I've seen a bunch of people sharing this and repeating the conclusion: that the success is because the CEO loves books t/f you need passionate leaders and... while I think that's true, I don't think that's the conclusion to draw here. The winning strategy wasn't love, it was delegation and local, on the ground, knowledge.

This win comes from a leader who acknowledges people in the stores know their communities and can see and react faster to sales trends in store...

https://tedgioia.substack.com/p/what-can-we-learn-from-barnes-and

What Can We Learn from Barnes & Noble's Surprising Turnaround?

Digital platforms are struggling, meanwhile a 136-year-old book retailer is growing again. But why?

The Honest Broker

It's a mistake to assign the value being created here to the CEO, all he did was realize upper management needed to step out of the way & remove the bad incentive structure that stopped local stores from making their own decisions.
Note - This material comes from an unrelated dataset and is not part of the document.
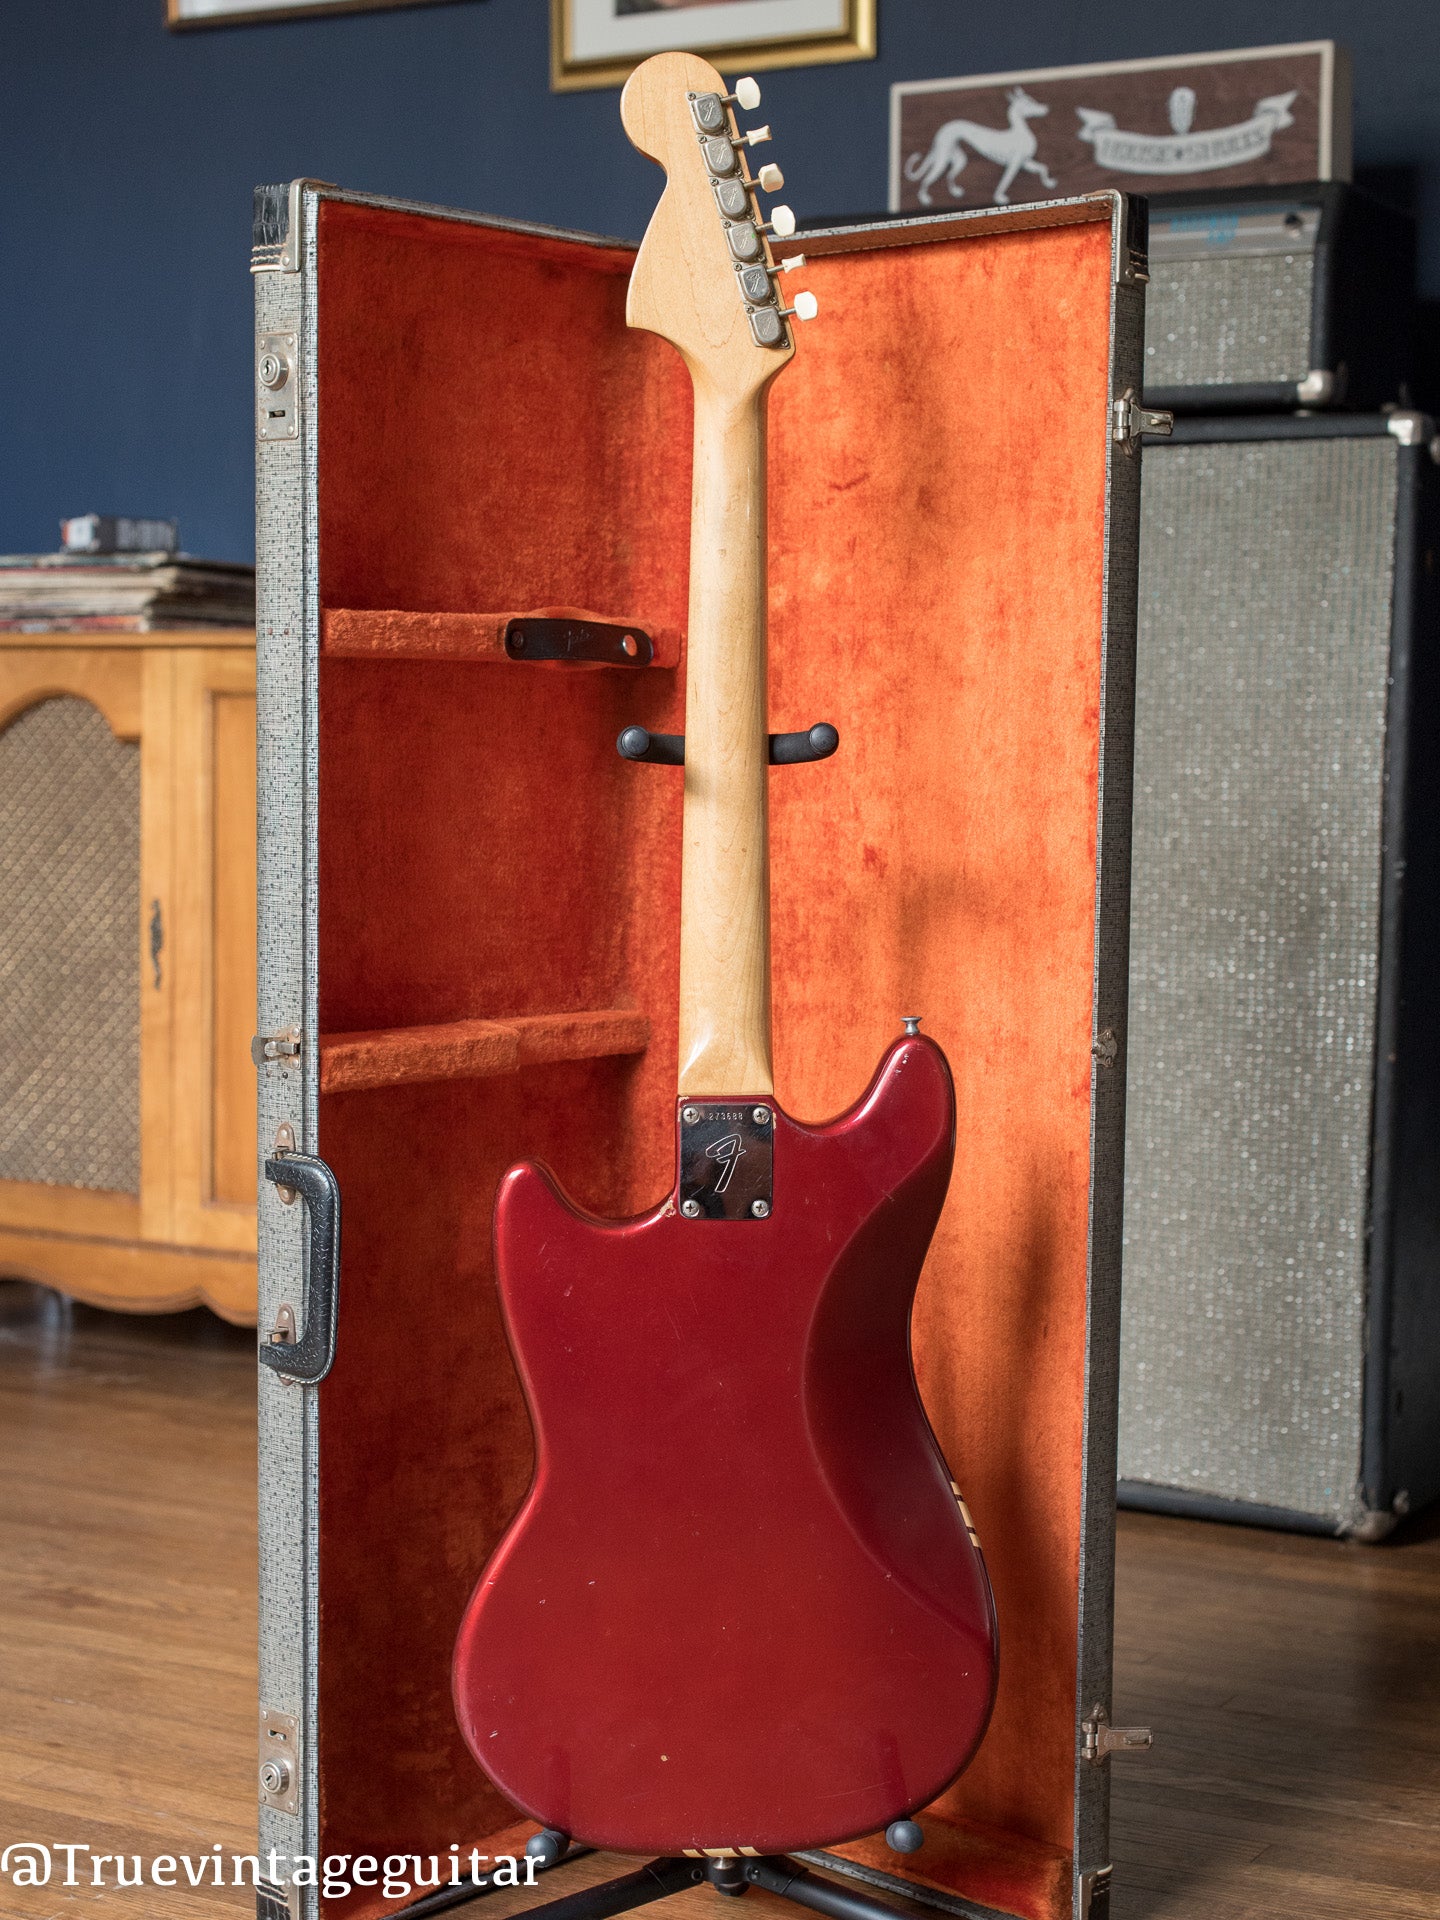 Vintage Fender electric guitar red 1969
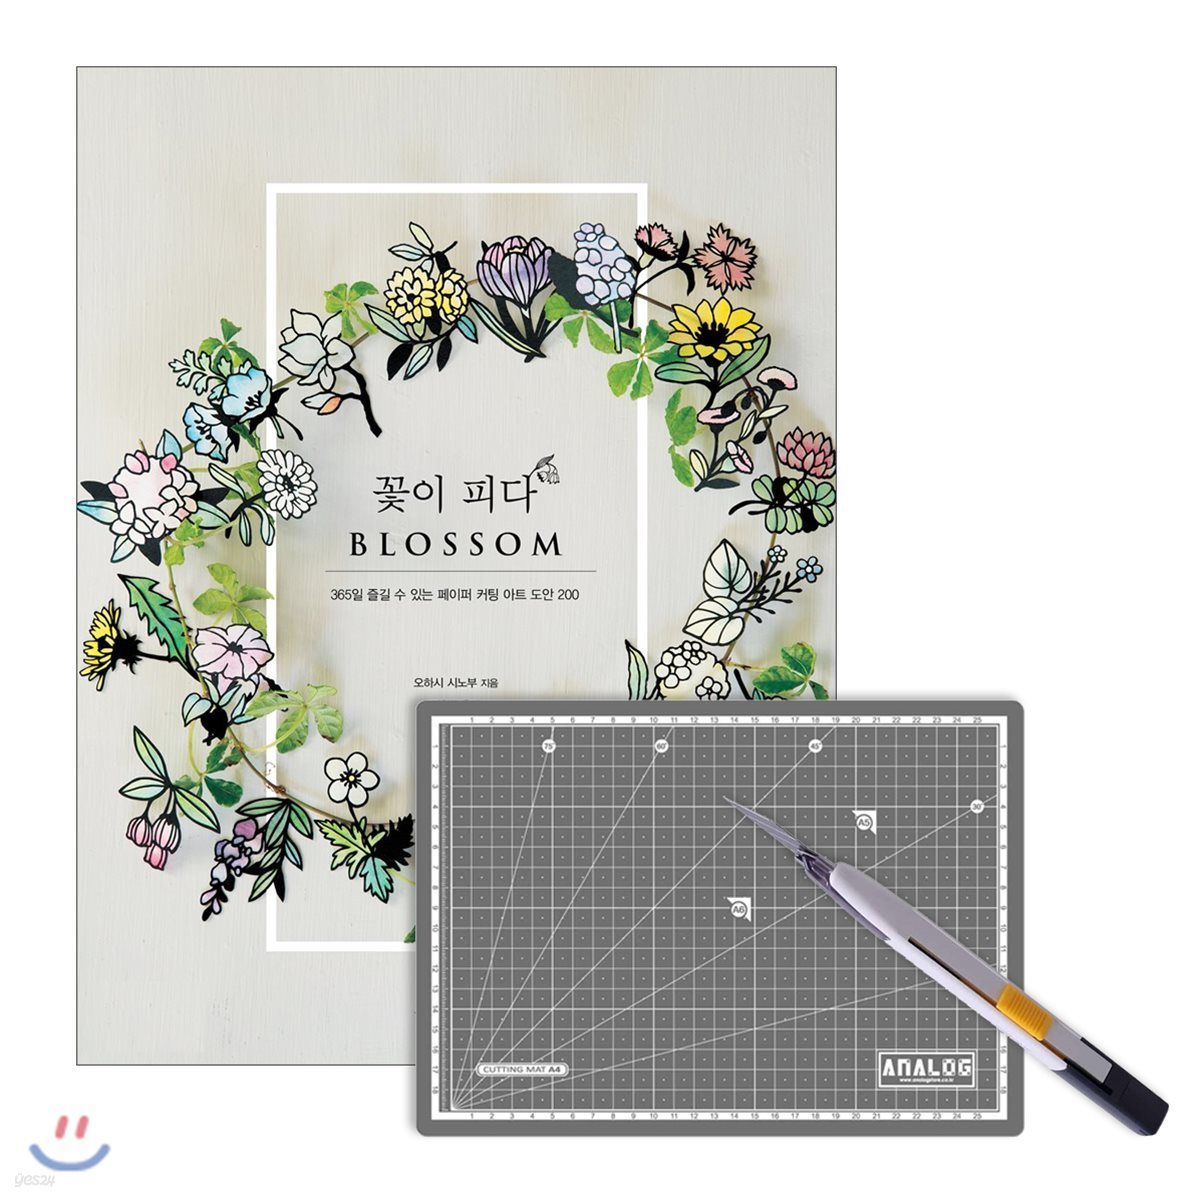 꽃이 피다 BLOSSOM + 키트 1 : 칼라커팅매트 A4 그레이 + 크롬커터

It's the realization the people in the bookstore are going to know what sells faster than execs waiting for a report in HQ and it's acknowledging that people who work in bookstores live in their communities and understand how those communities work & what they like

@Chronotope it’s also a mistake to assume that incompetent leadership had hired competent leaders to run their stores. Let alone that those folks actually had the knowledge and expertise to run an actual bookstore (and hadn’t left to run their own).

Stories like this are about successful collaboration between employees and management. It’s not enough to be passive, management has to continually improve the structure and incentives in partnership with the front lines.